La lluvia deja un millón de orificios diminutos, como punzadas de agujas, en la
superficie llana del mar. Nos acercamos a nuestra siguiente parada, Petersburg,
que, pese a su nombre, está habitada por descendientes de noruegos que
encuentran ese paisaje muy similar al suyo. Llueve con fuerza cuando atracamos,
pero descendemos pertrechados con impermeables, desafiando a unos elementos que
son los normales en Alaska. La Última Frontera tiene que verse así, ya que con
sol es algo excepcional, una rareza, del mismo modo que Escocia es hermosa bajo
la lluvia o Arán es maravilloso llueva, nieve o haya niebla. Corremos,
chapoteando, hasta el puerto a tiempo de ver nadar a una solitaria foca parda
en él, entre quillas de barcos amarrados, y regresamos empapados cruzándonos
con lugareñas que lucen sus brazos desnudos en camisetas sin mangas, habituadas
al agua y a las bajas temperaturas. Subimos al barco y tomamos otra tarta de
queso, en el snack bar, y una bebida fría de chocolate.
Mañana
pisamos tierra, y bajamos: Juneau.
Comentarios
Sigue viajando y depositando todo ese savoir faire tuyo en letras y nosotros vamos a seguir bebiendo ese néctar de libertad que respirar y nos haces respirar. Un abrazo en solidaridad.
Cuídate y no salgas a hacer el arco dorado, no sea que se hiele el resto...
Cariños.
La cerveza de la una menos cuarto sigue huérfana.
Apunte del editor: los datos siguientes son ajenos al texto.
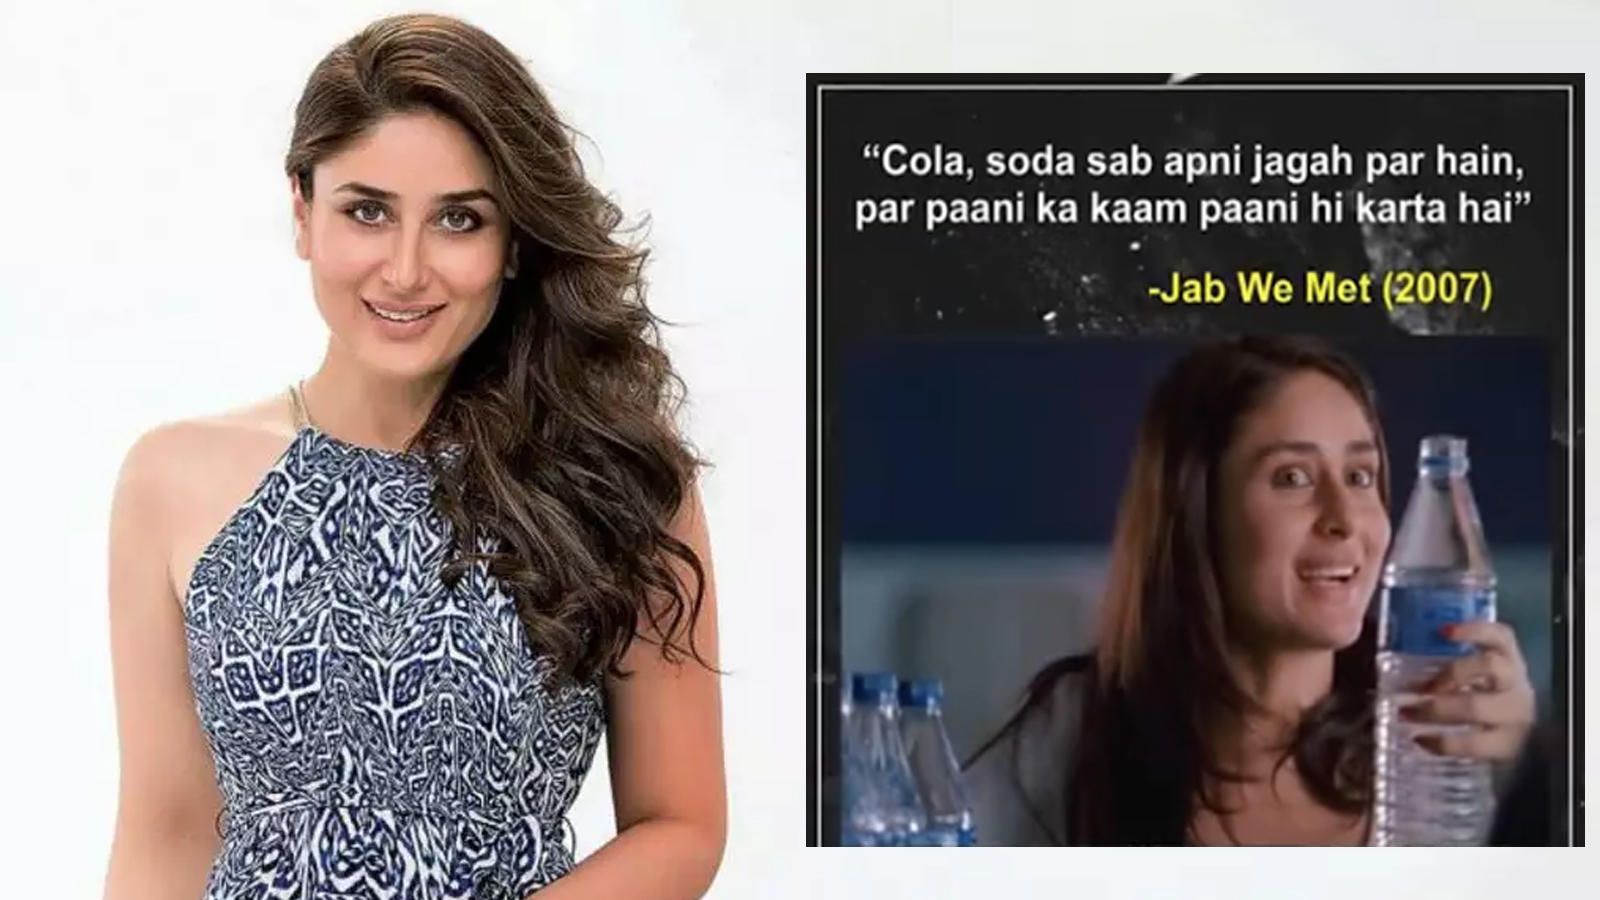 kareena-kapoor-khan-drops-a-jab-we-met-meme-after-cristiano-ronaldo-endorsed-water-over-cola

Te prometo que cuando vuelvas disfrutaremos de ese pescado tan ansiado y una buena botella de vino que harán que recuperes los sabores de ese excelente gourmet que eres.
Magnífico viaje en el que nos tienes a todos embarcados, disfrútalo y hasta tu regreso, un abrazo enorme.
El camarero que leía a Thomas Mann
Pues sí, me acuerdo de Arán, porque Alaska es Aran a lo bestia con noches de tres horas escasas en las que nunca se hace oscuro del todo.Hoy, navegando por un glaciar, el frío fue sencillamente espantoso, pero la belleza del entorno compensaba con creces el sufrimiento.
A ver ese pescado prometido. Ganas ya de la cerveza de la una menos cuarto. Aunque en Alaska, cosa rara, es donde mejor como de EE.UU. El salmón es buenísimo.